[AIM OF THE EXERCISE]: Only the pictures are to be left out; the listing itself is repeated exactly.

[INFORMATION SHOWN]:
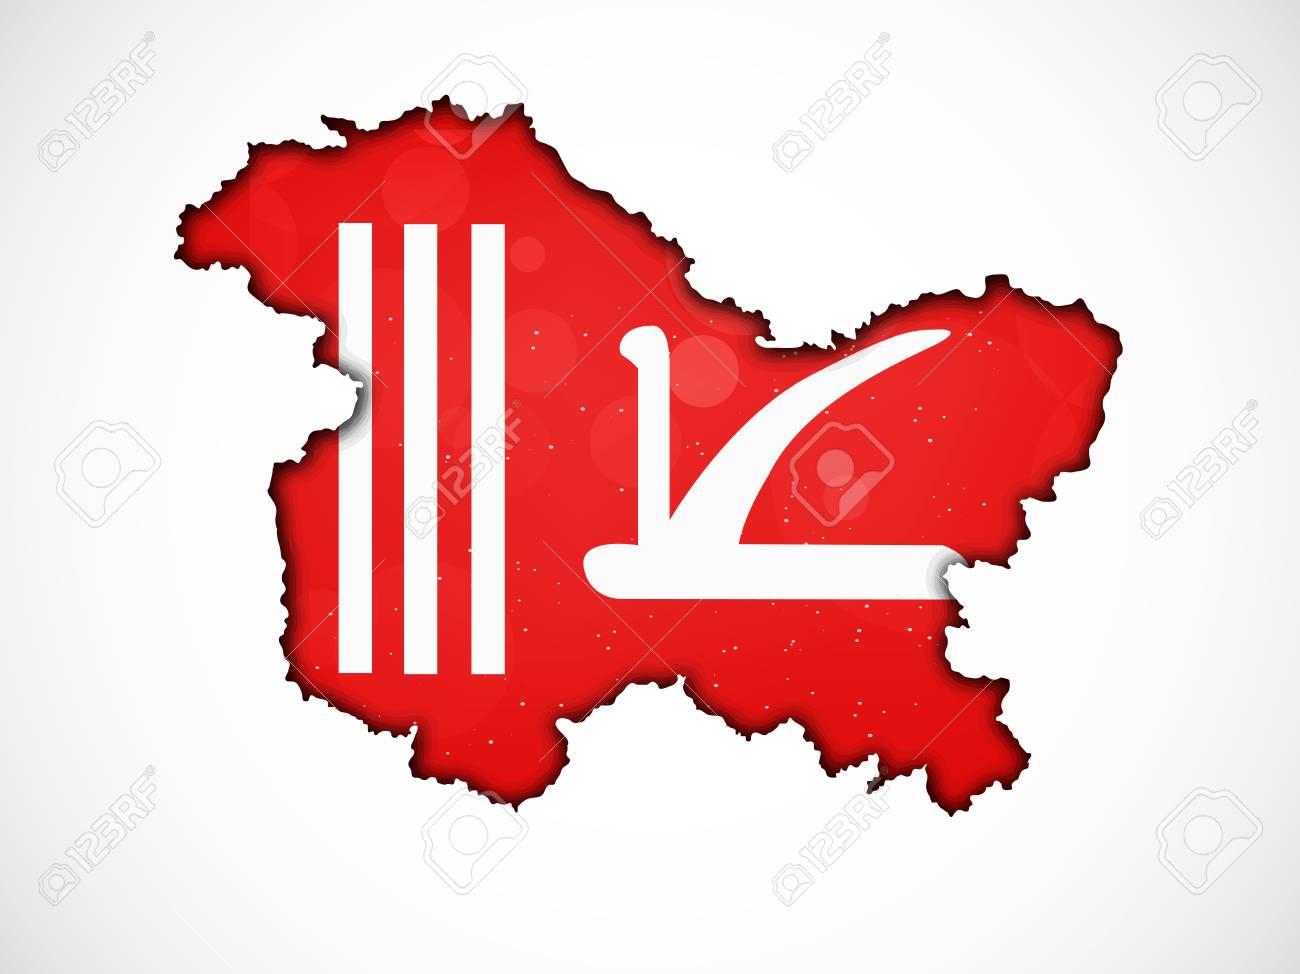 map jammu and kashmir flag Illustration Of Indian State Jammu Kashmir Flag With Map Royalty map jammu and kashmir flag
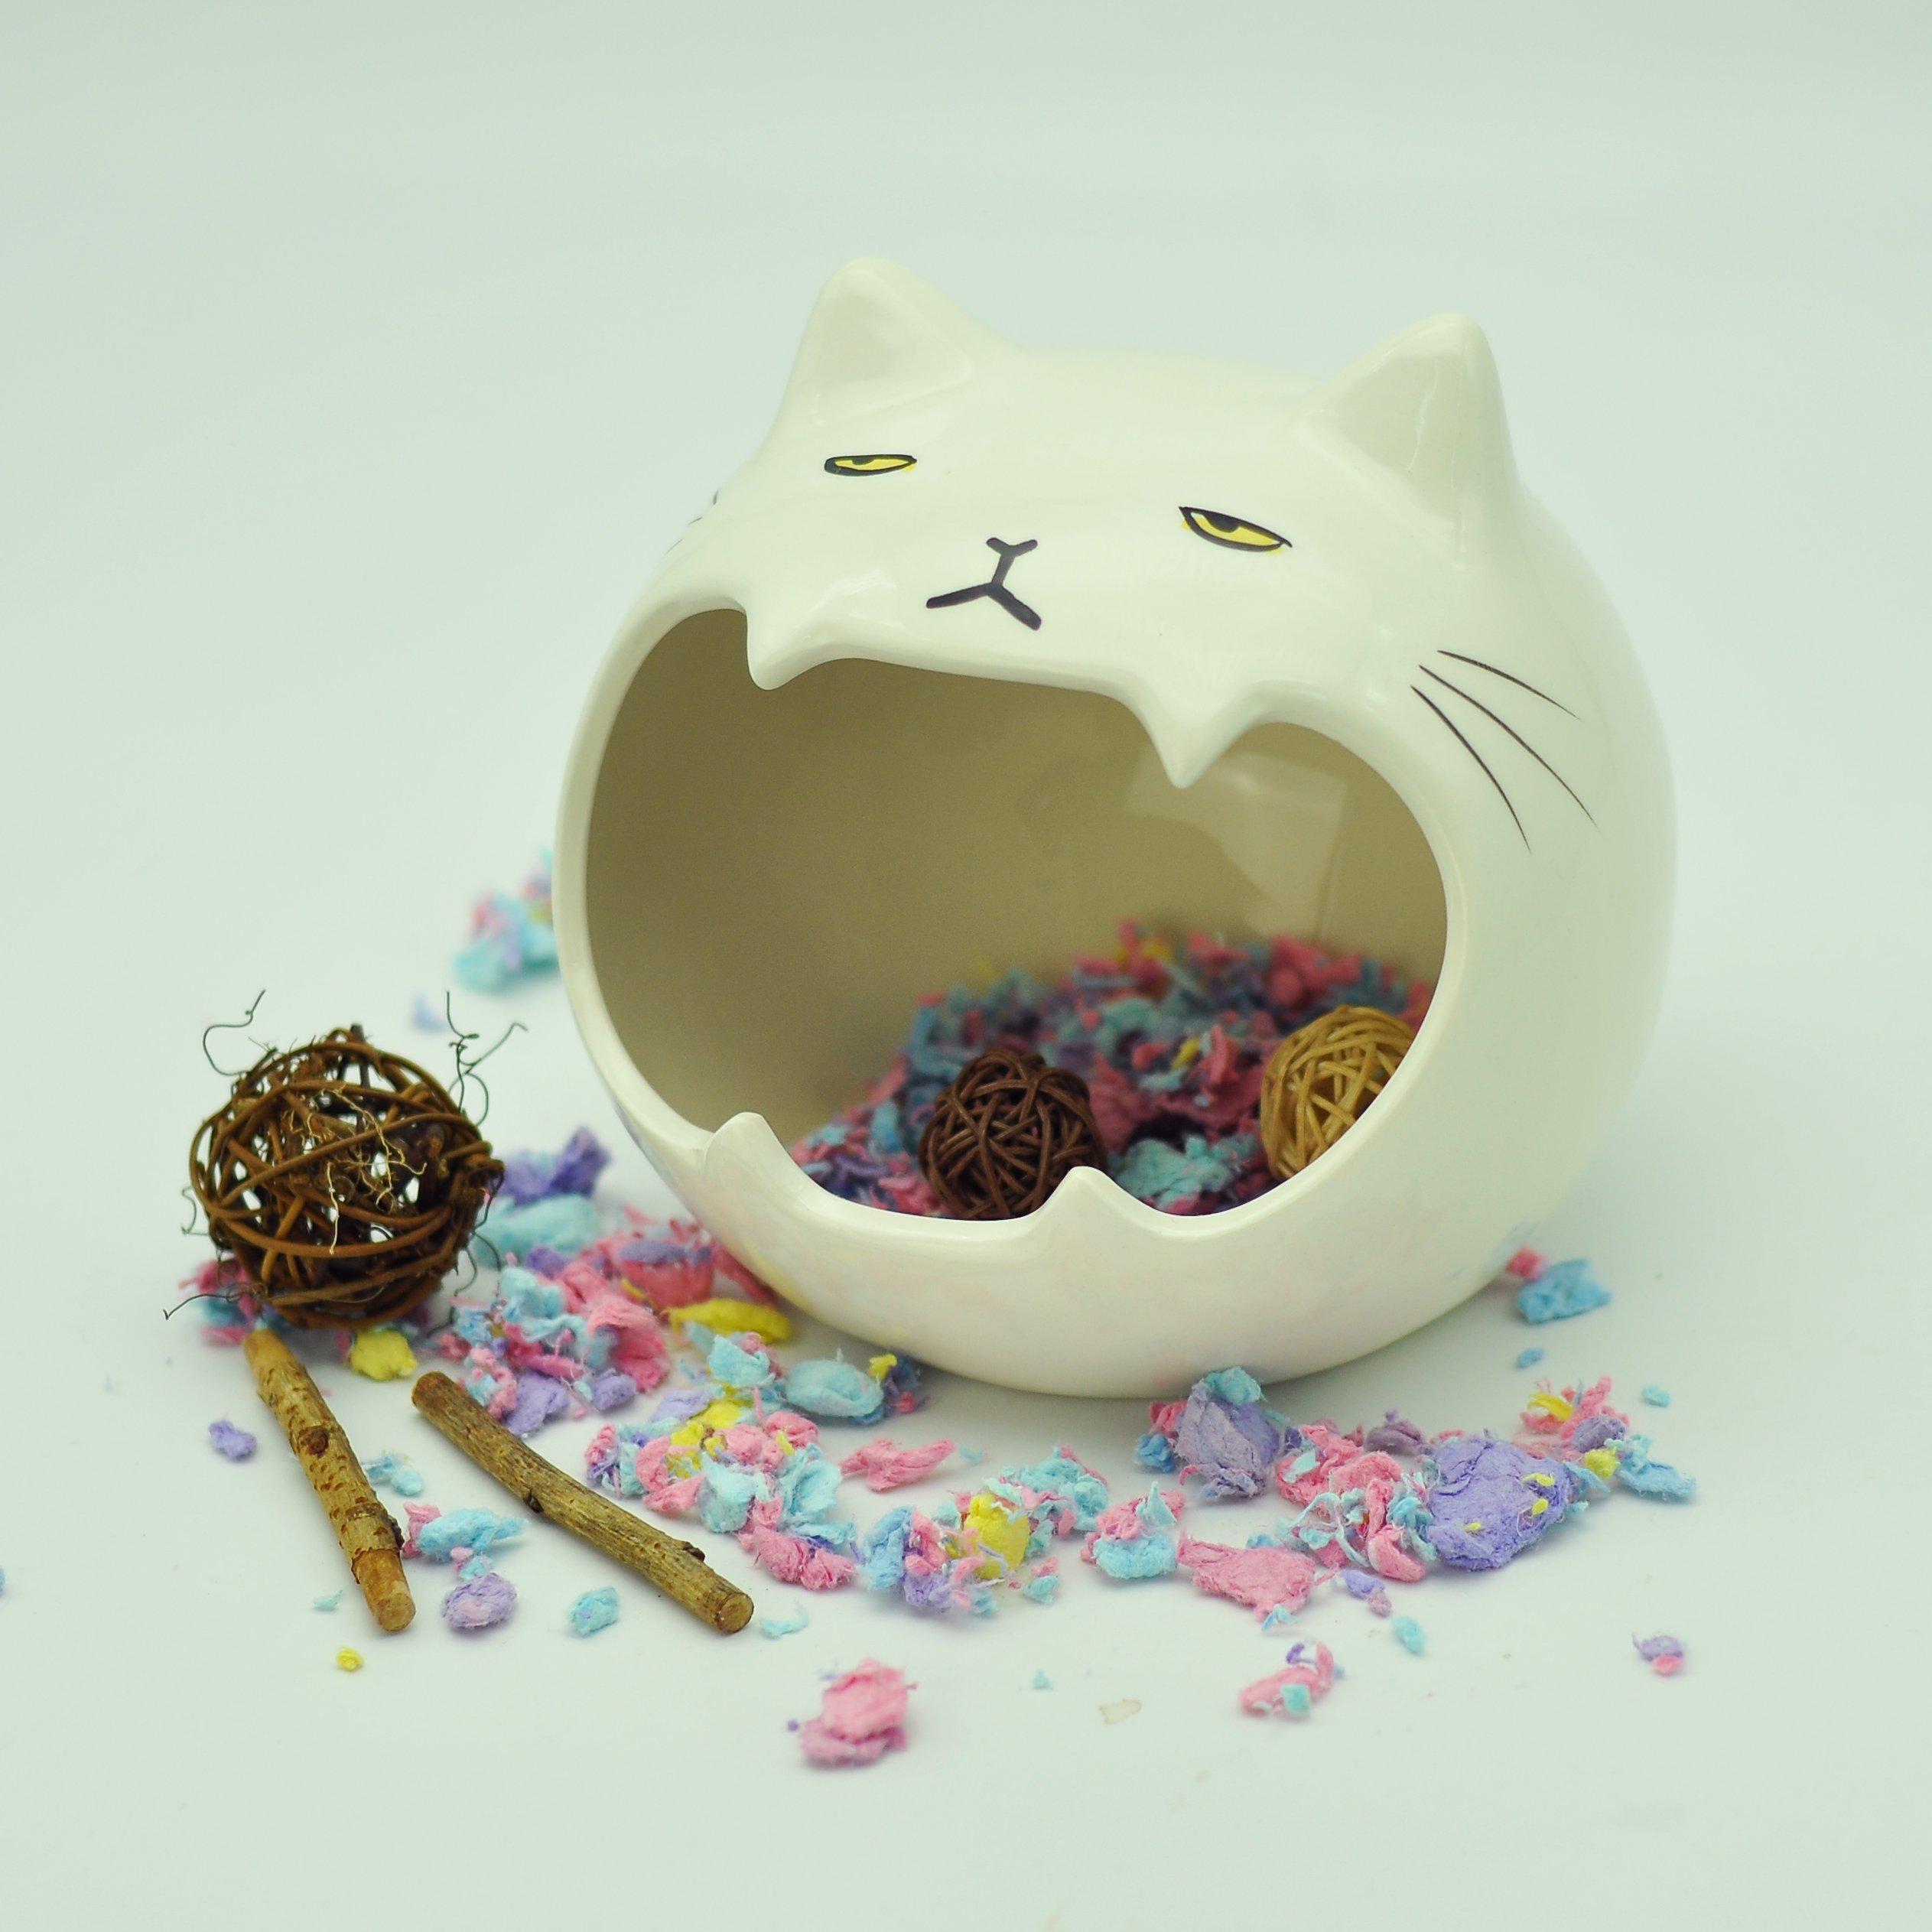 Niteangel Ceramic Small Animal Hideout & Bath Pot, Hamsters Gerbils and Rats Home (cat, 6'' x 5.75'' x 5.25'' (W x D x H))
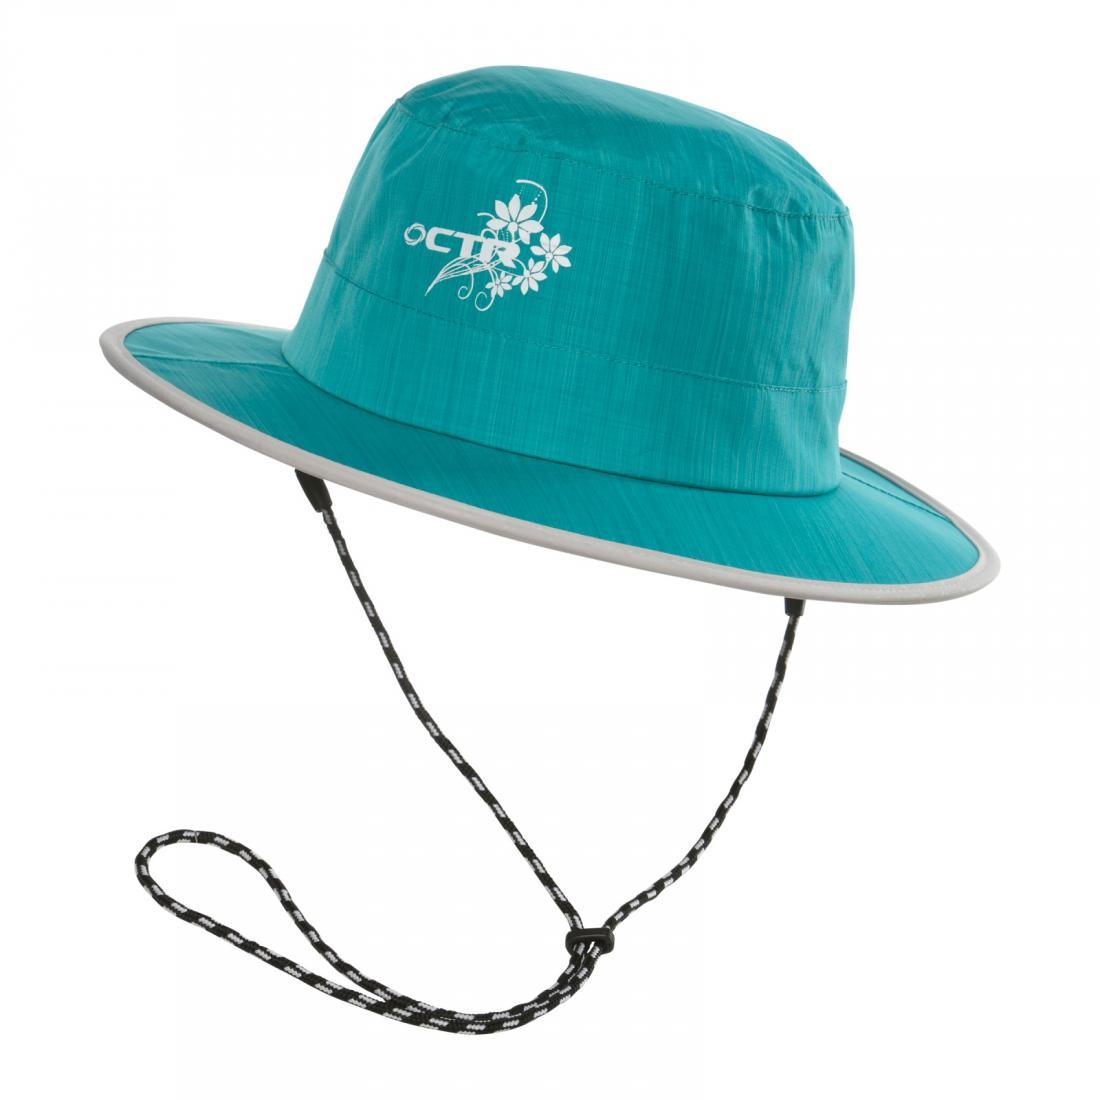 Панама Chaos  Stratus Bucket Hat (женс)Панамы<br><br><br>Цвет: Голубой<br>Размер: S-M

[SOLUTION TO THIS PROBLEM]:
 map jammu and kashmir flag Illustration Of Indian State Jammu Kashmir Flag With Map Royalty map jammu and kashmir flag
 Niteangel Ceramic Small Animal Hideout & Bath Pot, Hamsters Gerbils and Rats Home (cat, 6'' x 5.75'' x 5.25'' (W x D x H))
 Панама Chaos  Stratus Bucket Hat (женс)Панамы<br><br><br>Цвет: Голубой<br>Размер: S-M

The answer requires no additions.